### WHAT THIS TASK INVOLVES
Restate exactly the lines from the top of the listing below to the line containing "Vintage Sterling silver"; the remaining lines are not wanted.

- - - - -

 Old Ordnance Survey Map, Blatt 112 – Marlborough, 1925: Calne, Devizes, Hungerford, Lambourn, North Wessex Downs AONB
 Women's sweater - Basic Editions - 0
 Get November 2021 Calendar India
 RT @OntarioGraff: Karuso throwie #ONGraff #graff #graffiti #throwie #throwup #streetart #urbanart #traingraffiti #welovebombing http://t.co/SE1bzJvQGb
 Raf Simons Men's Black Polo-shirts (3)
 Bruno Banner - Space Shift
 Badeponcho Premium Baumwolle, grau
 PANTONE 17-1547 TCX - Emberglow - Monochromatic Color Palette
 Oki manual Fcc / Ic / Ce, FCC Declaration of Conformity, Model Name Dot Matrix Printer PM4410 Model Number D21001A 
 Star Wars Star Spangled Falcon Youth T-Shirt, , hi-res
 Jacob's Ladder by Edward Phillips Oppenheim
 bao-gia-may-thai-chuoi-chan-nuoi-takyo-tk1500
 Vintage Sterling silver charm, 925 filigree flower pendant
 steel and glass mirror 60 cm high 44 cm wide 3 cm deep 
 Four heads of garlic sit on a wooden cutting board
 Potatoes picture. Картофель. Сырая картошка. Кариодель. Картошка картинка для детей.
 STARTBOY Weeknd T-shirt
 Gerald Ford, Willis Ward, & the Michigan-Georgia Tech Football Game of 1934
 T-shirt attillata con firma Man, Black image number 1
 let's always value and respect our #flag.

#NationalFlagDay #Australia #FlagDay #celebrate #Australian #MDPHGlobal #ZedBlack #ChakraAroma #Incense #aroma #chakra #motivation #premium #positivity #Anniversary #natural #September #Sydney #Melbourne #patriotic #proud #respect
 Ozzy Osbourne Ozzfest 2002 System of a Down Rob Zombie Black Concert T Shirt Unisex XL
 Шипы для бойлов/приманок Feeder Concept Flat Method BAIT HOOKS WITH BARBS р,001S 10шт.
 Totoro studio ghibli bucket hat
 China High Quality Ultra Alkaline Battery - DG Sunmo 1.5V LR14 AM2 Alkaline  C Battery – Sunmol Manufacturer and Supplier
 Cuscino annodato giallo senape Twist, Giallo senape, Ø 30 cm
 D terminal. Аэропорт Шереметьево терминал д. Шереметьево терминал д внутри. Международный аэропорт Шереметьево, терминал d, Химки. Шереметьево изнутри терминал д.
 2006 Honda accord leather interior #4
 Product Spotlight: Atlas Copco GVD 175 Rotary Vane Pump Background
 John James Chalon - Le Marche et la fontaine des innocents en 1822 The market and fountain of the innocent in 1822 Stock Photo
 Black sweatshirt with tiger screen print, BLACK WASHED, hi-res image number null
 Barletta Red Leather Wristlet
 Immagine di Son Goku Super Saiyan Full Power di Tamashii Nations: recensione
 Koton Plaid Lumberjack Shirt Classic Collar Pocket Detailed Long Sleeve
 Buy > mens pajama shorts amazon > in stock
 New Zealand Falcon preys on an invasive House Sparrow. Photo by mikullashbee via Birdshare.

- - - - -

### SOLUTION BELOW
 Old Ordnance Survey Map, Blatt 112 – Marlborough, 1925: Calne, Devizes, Hungerford, Lambourn, North Wessex Downs AONB
 Women's sweater - Basic Editions - 0
 Get November 2021 Calendar India
 RT @OntarioGraff: Karuso throwie #ONGraff #graff #graffiti #throwie #throwup #streetart #urbanart #traingraffiti #welovebombing http://t.co/SE1bzJvQGb
 Raf Simons Men's Black Polo-shirts (3)
 Bruno Banner - Space Shift
 Badeponcho Premium Baumwolle, grau
 PANTONE 17-1547 TCX - Emberglow - Monochromatic Color Palette
 Oki manual Fcc / Ic / Ce, FCC Declaration of Conformity, Model Name Dot Matrix Printer PM4410 Model Number D21001A 
 Star Wars Star Spangled Falcon Youth T-Shirt, , hi-res
 Jacob's Ladder by Edward Phillips Oppenheim
 bao-gia-may-thai-chuoi-chan-nuoi-takyo-tk1500
 Vintage Sterling silver charm, 925 filigree flower pendant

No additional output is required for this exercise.